Faced with a sudden and urgent need for office space, the Greensteins signed a five-year lease at 111 Devonshire Street at a rent based on $12 per square foot, against the $9 per square foot which applied to the space at 18 Tremont Street. The judge computed her award of compensatory damages of $26,000 on: (1) the plaintiffs’ out-of-pocket costs attendant on the anticipated move to 18 Tremont Street and the eventual aborting of that move; and (2) the incremental cost which the plaintiffs incurred in renting comparable space. Flatley argues that the damages were not supported by competent evidence. At the most, his attack bears on the weight to be given the evidence, which came in through testimony from Greenstein and a real estate expert. To the extent their evidence was unconvincing, that was a matter to be shown by cross-examinatian. See Southwick v. Massachusetts Turnpike Authy., 339 Mass. 666, 670-671 (1959). That the judge ascribed only measured weight to the evidence adduced by the plaintiffs is apparent. Their itemized damages added up to $47,368.
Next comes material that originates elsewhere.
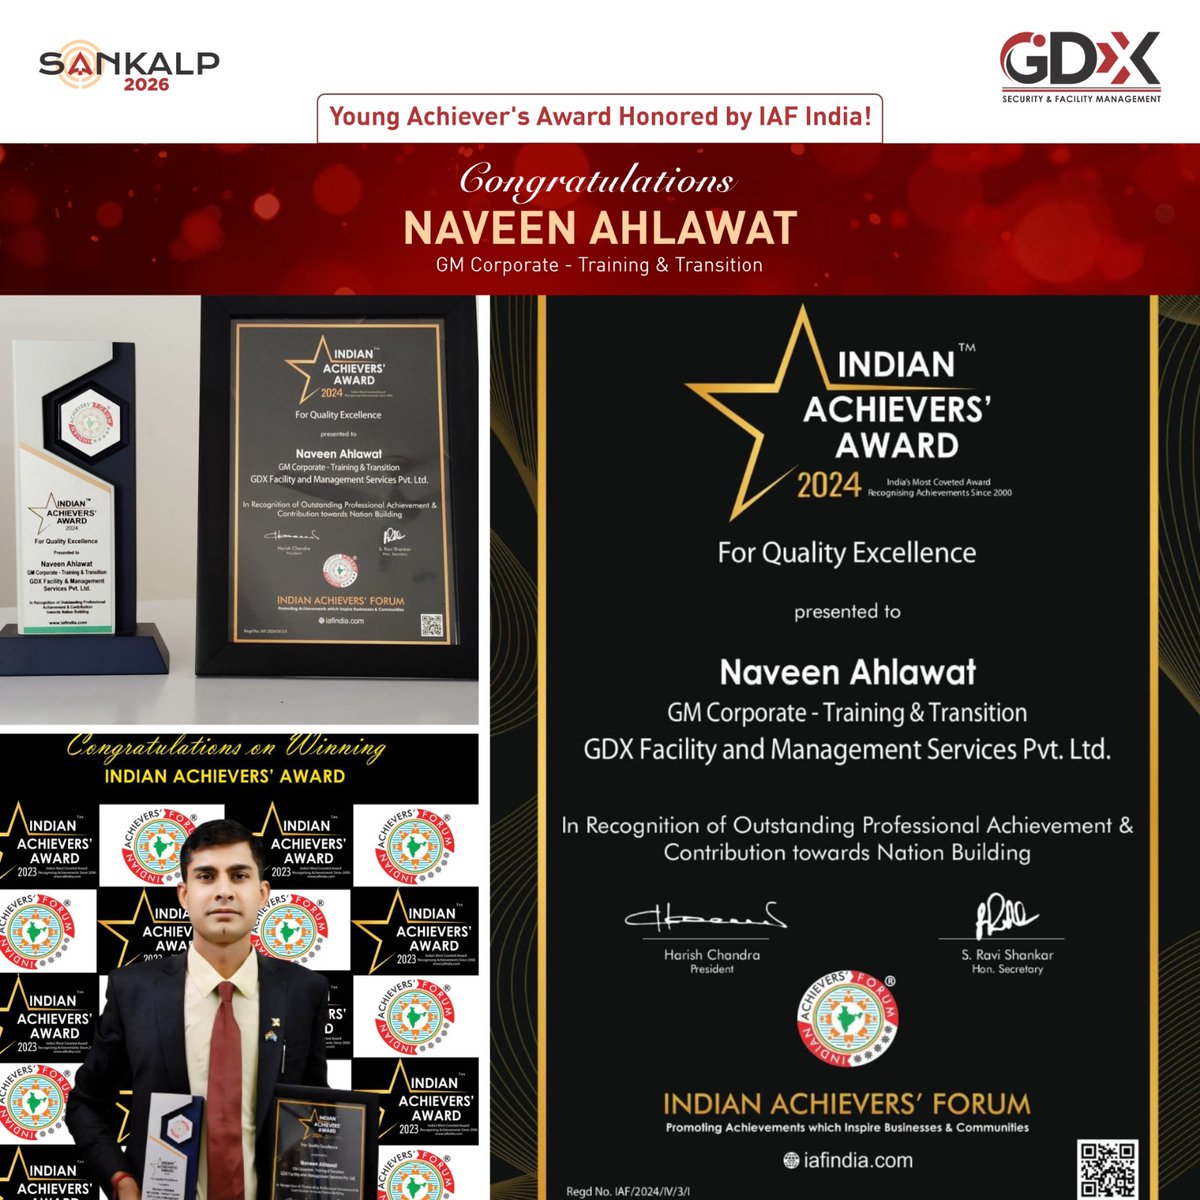 Kudos to Naveen Ahlawat for receiving the Young Achiever's Award from IAF India! His exceptional professional accomplishments and dedication serves as an inspiring example to everyone.

Call us anytime at our 24x7 helpline: 18604191889 #FacilityManagement #SecurityManagement

Beyond compensating damages, Flatley protests that he should not be charged with punitive damages (i.e., the double damages assessed) absent a finding of actual knowledge of Gibbs’ actions that would have imposed a duty on Flatley to speak. We think that the trial judge was entitled to infer that Flatley’s conduct was not based on oversight but was an intentional course of action, taken to maintain his options despite Greenstein’s predictable reliance on the existence of a deal. At the least, Flatley was responsible for his failure to keep himself informed of the conduct of his agent, in whom he reposed substantial negotiating authority, in connection with a common type of transaction within the scope of his agency. Instead, Flatley and his agent led the plaintiffs across the Rubicon, and then told them to fish. It was conduct beyond the toleration even of persons inured to the rough and tumble of the world of commerce. See Levings v. Forbes & Wallace, Inc., 8 Mass. App. Ct. 498, 504 (1979). On the view we have taken of the case, it is unnecessary to consider the plaintiffs’ cross appeals from the judgment dismissing the claim against Gibbs (the judge found that he had acted in the belief that Flatley would sign the lease) and from the dismissal of the claim against Flatley based on the existence of a binding lease between Flatley and the plaintiffs. For the same reason we need not consider the plaintiffs’ motion, made after argument, for leave to enter those cross appeals late.

Judgments affirmed. 
      
       $52,000 in damages, plus $8,112.11 in legal fees and costs and $21,996 in interest as of the date upon which judgment was entered, November 14, 1983.
     
      
       Flatley at the time owned and operated two office buildings in Boston: 18 Tremont Street and 27 School Street.
     
      
       The use of the neuter gender reflected that Flatley did business as The Flatley Company.
     
      
       Compare the more straightforward language considered in Cellucci v. Sun Oil Co., 2 Mass. App. Ct. 722, 723-724 (1974): “This agreement. . . is binding upon Buyer . . . only when executed by an official of Buyer, regardless of any written or verbal representation of any agent, manager or other employee of Buyer to the contrary.”
     
      
       For a statement of the applicable principle, see Restatement (Second) of Contracts § 129 (1981).